И всё, что ты можешь — это продолжать.
С болью.
С памятью.
С собой.
С той самой шестилетней девочкой внутри, которая до сих пор ждёт, что кто-то останется. До конца.
—//—
Я вернулась раньше. На сутки. Хотела сделать ему сюрприз.
Паша знал, как мне тяжело без него. Каждый вечер писал: «Дорогая, я скучаю. Дом без тебя — не дом». И вот я вернулась — почти на полуслова, на полувдоха. Потому что где он — там и я. Там всё моё.
В голове прокручивалась сцена встречи. Я представляла, как он будет стоять на пороге — босиком, в своей серой футболке с оторванным воротом, как всегда. Растрёпанный, смешной, но такой родной. Обнимет меня крепко — крепче, чем обычно, уткнётся носом в шею и прошепчет: «Ну наконец-то ты дома».
Я представляла это так живо, что даже чемодан казался мне чем-то лишним. Он катился по плитке, и запах осенних листьев, смешанный с ароматом чьего-то супа, казался такой знакомой уютной гармонией. Всё, как в кино. Всё, как должно было быть.
Ключ вошёл в замок с характерным щелчком. Я открыла дверь, и сразу ощутила странную тишину. Не горел ночник, и это насторожило. Паша всегда оставлял свет — говорил, что не хочет, чтобы я возвращалась в темноту.
Я поставила чемодан у стены и прислушалась.
Тишина.
— Паша? — позвала тихо, почти шепотом, как будто боялась нарушить какую-то невидимую грань. Словно что-то внутри меня уже знало, что за углом всё не так.
Ответа не было.
Я прошла дальше. Кухня встретила меня непривычным запахом — сладким, приторным, ванилью и персиком. Это точно не наш запах. Паша никогда не использовал таких отдушек. Зачем ему ваниль?
“Порой молчание громче всех слов”
Мне двадцать семь, и я уже давно понял: жизнь — это не фильм и не геройская история, а бесконечная возня, где главное — не въебаться слишком сильно. Чувства? Да ну их нахер. Всё, что они приносят — боль, злость и разочарование. Поэтому я давно всё вырубил: не парюсь, не вникаю, не лезу. Живу по принципу — не трогай, и тебя не тронут.

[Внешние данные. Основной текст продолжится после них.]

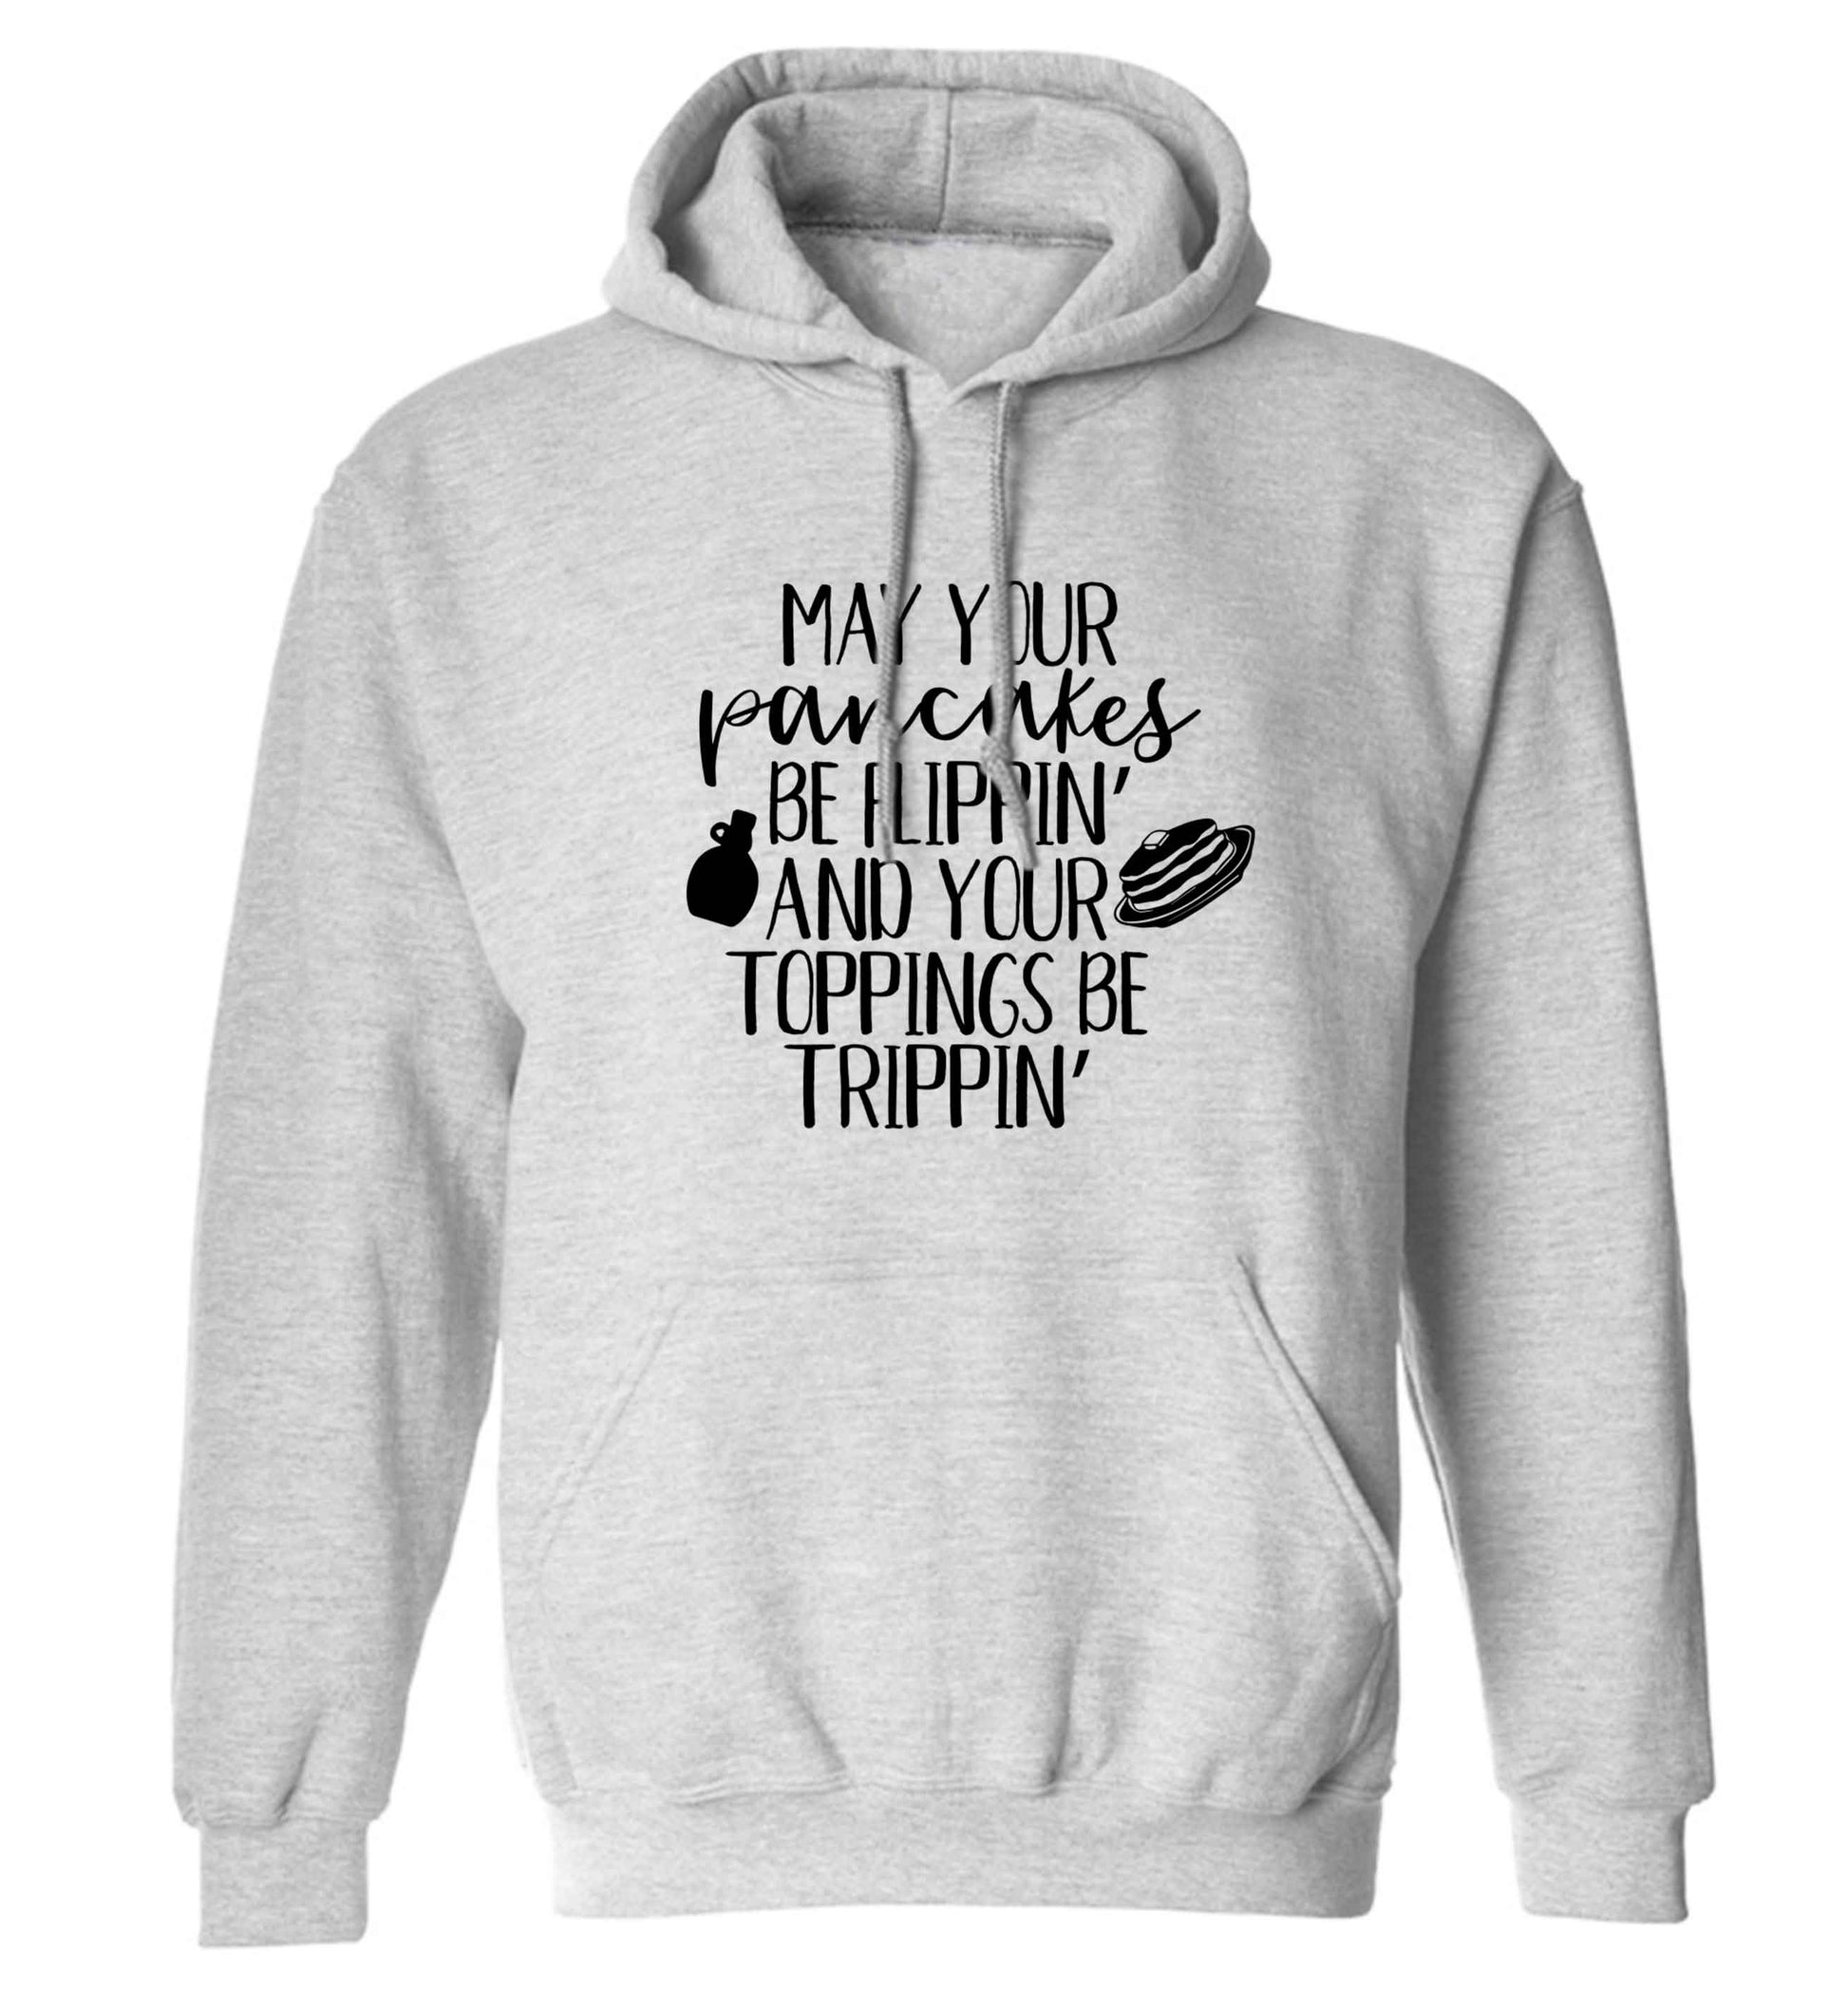 May your pancakes be flippin' and your toppings be trippin' adults unisex grey hoodie 2XL

Я сидел в машине у старого двора — того самого, где когда-то вырос. Только что вышел от Зины Петровны — ангела в халате и с железным характером. В детстве она спасала нас с сестрой от голода и детдомовских перспектив. Как всегда — чай, пирожки, разговор «ни о чём», а между строк — забота.
И вроде всё шло нормально, пока я не увидел её.
Стояла у подъезда, как заблудшая душа. Блеклая, замёрзшая, с пустыми глазами. Не плачет, не кричит, просто… стоит. Мужик рядом орёт, руками машет, а она — будто и не здесь. И вот в этот момент у меня внутри что-то щёлкнуло.
Потому что я знаю этот взгляд.
Так же когда-то смотрела Алина — моя сестра. Старшая, мать её. Всего на пять лет старше, но тогда казалась взрослее мира. Она одна тащила нас на себе. Когда мать слилась к какому-то мудаку, а батя выбрал бутылку и «новую жизнь». Алина корячилась, чтобы у нас было хоть что-то пожрать, лечила мои сопли и терпела мой характер.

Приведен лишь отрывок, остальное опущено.